Het wetsvoorstel re-integratie tweede spoor regelt dat kleine en middelgrote werkgevers de re-integratie van zieke werknemers in het tweede ziektejaar in principe richten op re-integratie bij een andere werkgever (tweede spoor).
Het wetsvoorstel wordt uitgesteld gezien de toenemende achterstanden bij het sociaal-medisch beoordelen (SMB) en de extra uitvoeringscapaciteit die dit wetsvoorstel van UWV vraagt.
Spoor 1 en 2
Re-integreren in een andere functie kan op verschillende manieren:
- bij de eigen werkgever;
- bij een andere werkgever;
- via detachering;
- werknemer start eigen bedrijf.
Wat is het verschil tussen spoor 1 en spoor 2 bij de re-integratie van de zieke werknemer? Re-integreren bij de eigen werkgever is het eerste spoortraject. De andere manieren worden het tweede spoortraject genoemd.

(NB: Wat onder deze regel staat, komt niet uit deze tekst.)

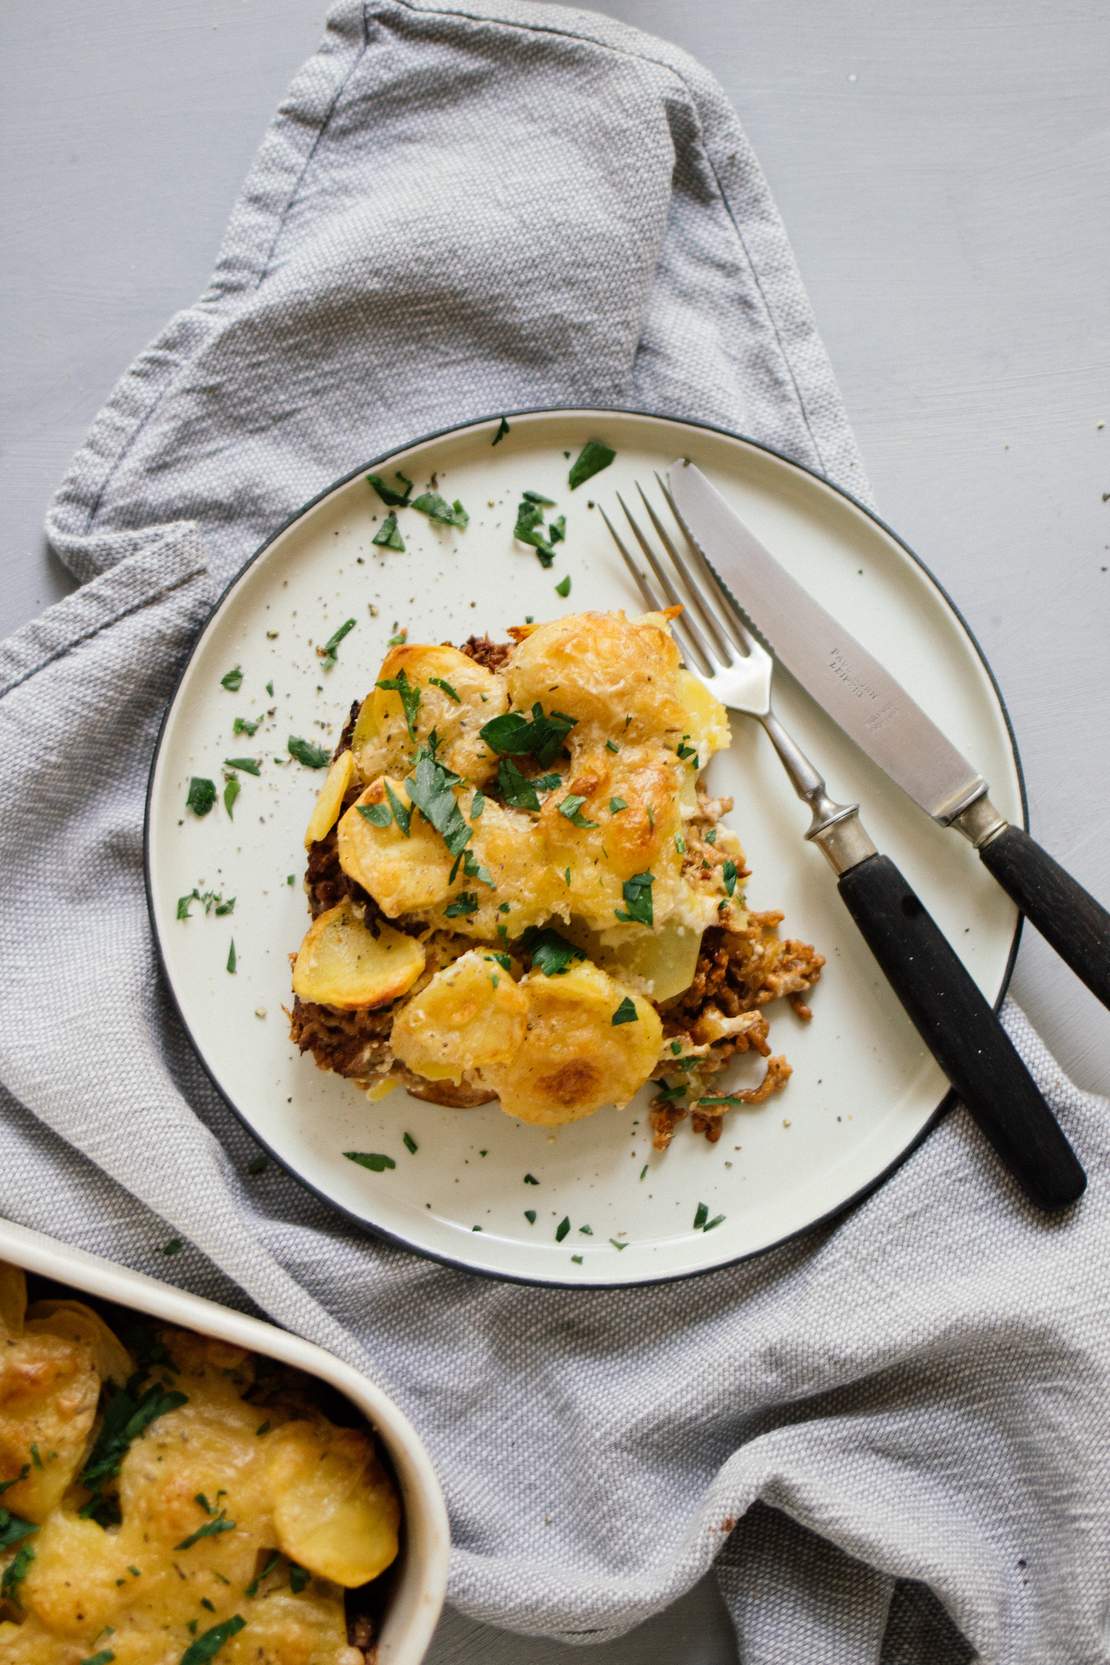 R451 Vegan potato casserole with “minced meat“

Werken bij eigen werkgever (spoor 1)
Werkgever en werknemer zoeken samen actief naar werk binnen de organisatie. De werkgever helpt de zieke werknemer zo goed mogelijk weer aan het werk. De werkgever onderzoekt of er passend werk is binnen de organisatie, bijvoorbeeld door taken met een andere werknemer te wisselen die meer passend zijn bij de gezondheidssituatie van de werknemer. Of door de werknemer te laten solliciteren op vacatures.
De werknemer kan zelf ook voorstellen doen. Ook als hiervoor aanpassingen nodig zijn. De werkgever kan deze voorstellen alleen afwijzen als hier erg belangrijke redenen voor zijn.

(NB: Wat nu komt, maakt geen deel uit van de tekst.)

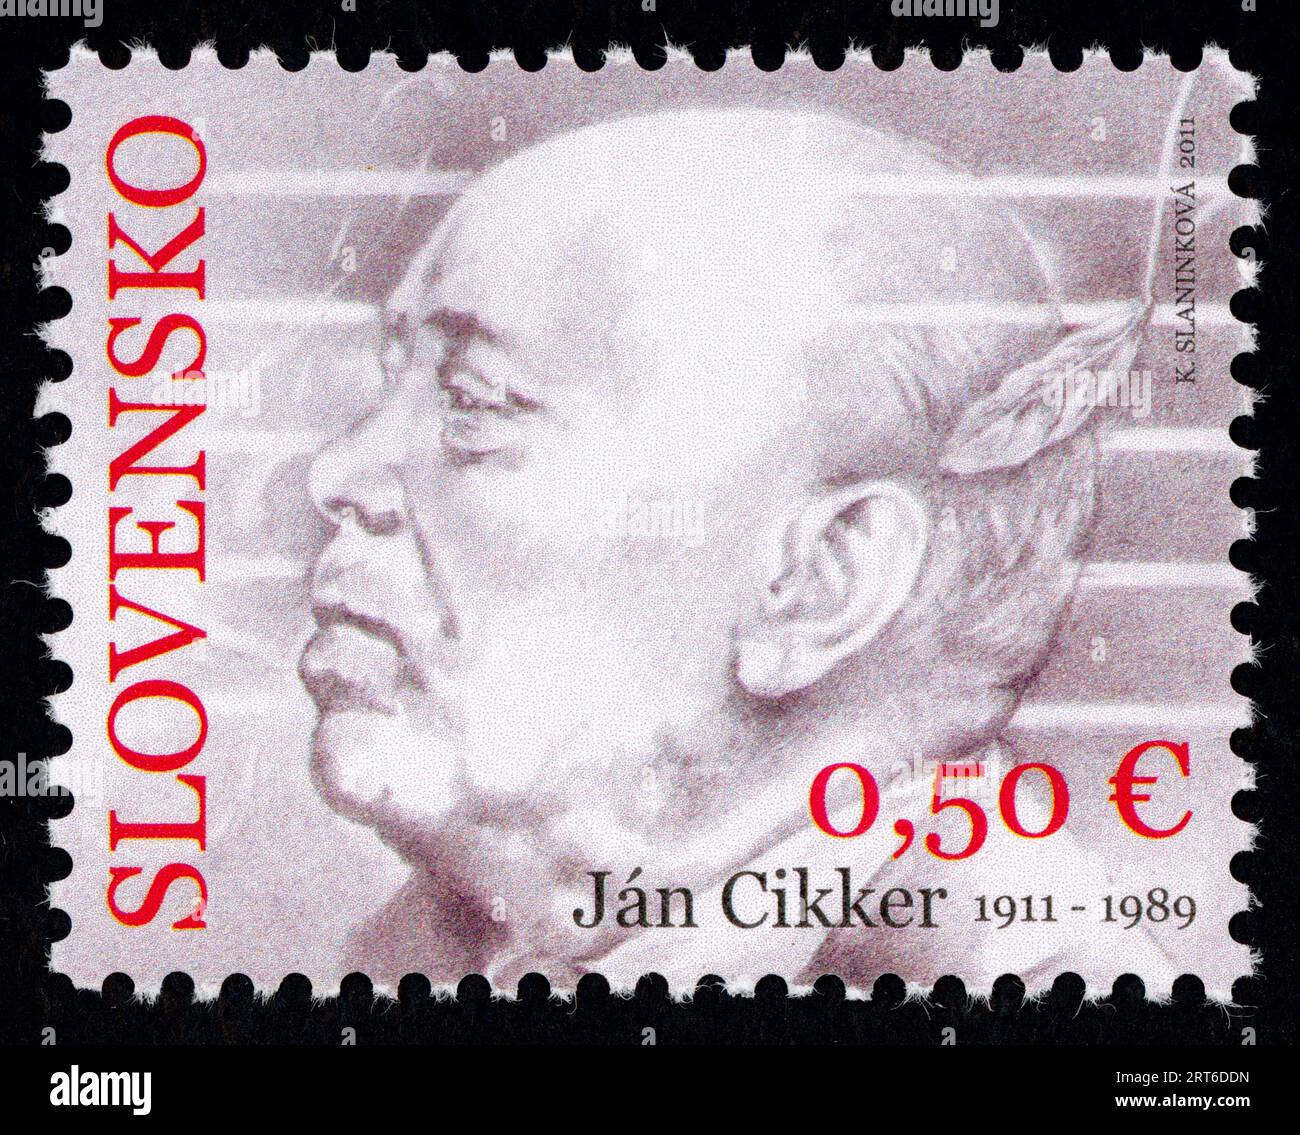 Ján Cikker (1911 – 1989). Francobollo emesso in Slovacchia nel 2011. Ján Cikker è stato un compositore slovacco, uno dei principali esponenti della musica classica slovacca moderna. Ha ricevuto il titolo di artista nazionale in Slovacchia, il Premio Herder (1966) e il Premio Internazionale di musica IMC-UNESCO (1979). Foto Stock

Werken bij andere werkgever (spoor 2)
Is er geen passende baan voor de werknemer bij de eigen werkgever? Dan zoeken werkgever en werknemer samen naar een baan bij een andere organisatie. Re-integratiebedrijven kunnen hierbij helpen.

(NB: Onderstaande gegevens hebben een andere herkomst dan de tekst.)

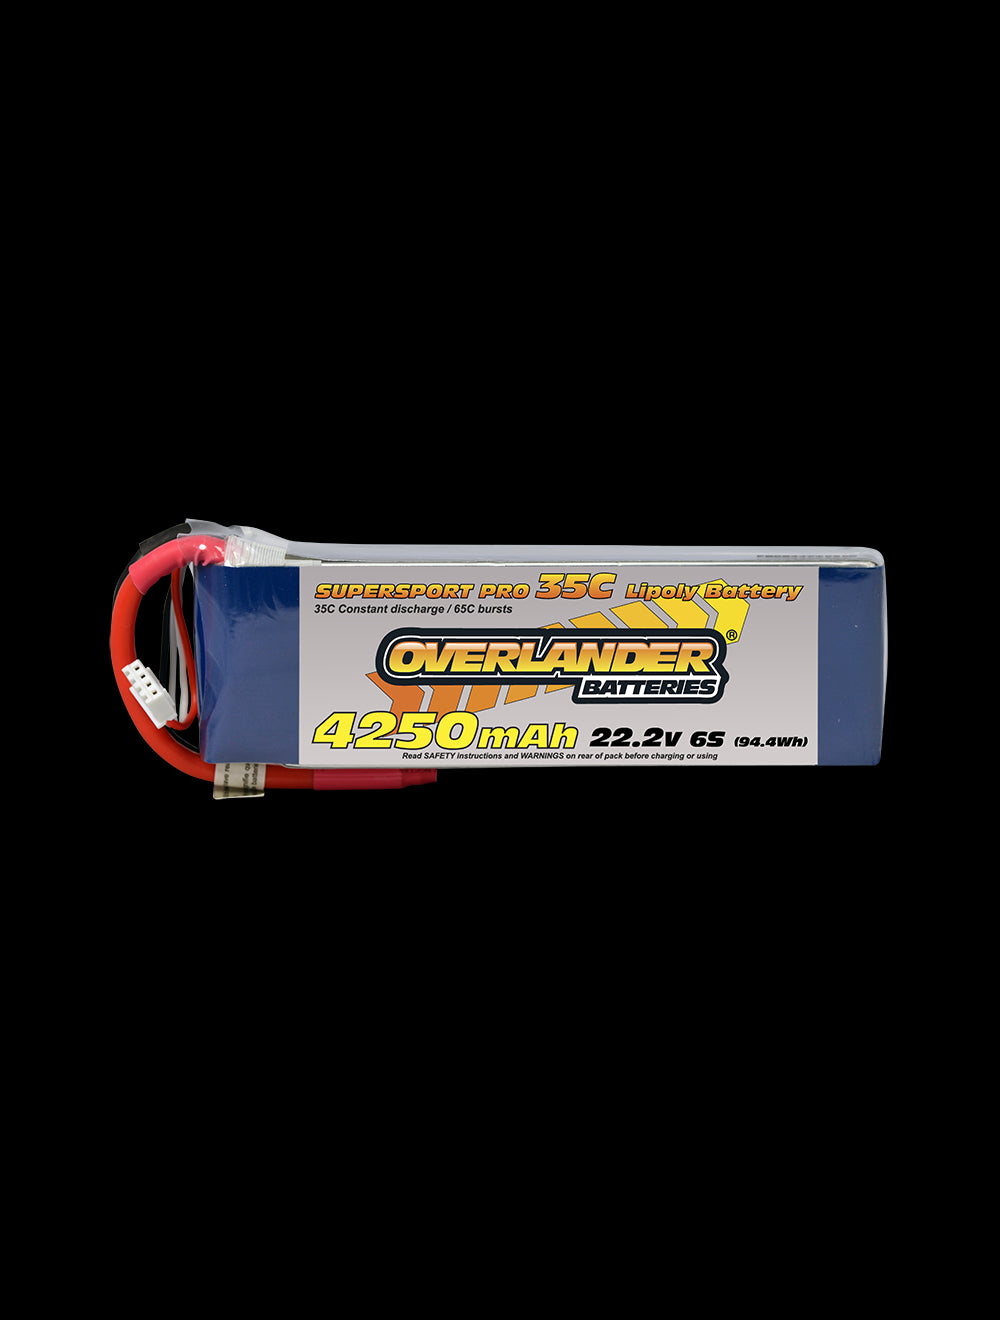 Overlander 4250mAh 22.2V 6S 35C Supersport Pro LiPo Battery - XT90 Connector 2478

Als de zieke werknemer meer werkgevers heeft, kunnen die samenwerken aan de re-integratie. Misschien is de re-integratie of een uitbreiding van uren wel mogelijk bij de andere werkgever.
Kritiek op wetsvoorstel
Eerder kwam er al forse kritiek op het wetsvoorstel waaronder door de Raad van State.
De Raad van State merkt op dat het wetsvoorstel slechts leidt tot een beperkte verlichting van het werkgeverschap voor kleinere ondernemingen. Aan de (financiële) verplichtingen en verantwoordelijkheden van de werkgever rondom ziekte en re-integratie, die verbonden zijn aan vooral het vaste contract, wijzigt vrijwel niets. De vraag is dan ook in hoeverre het wetsvoorstel de knelpunten in de praktijk daadwerkelijk aanpakt. Ook heeft het voorstel grote uitvoeringsgevolgen voor het UWV.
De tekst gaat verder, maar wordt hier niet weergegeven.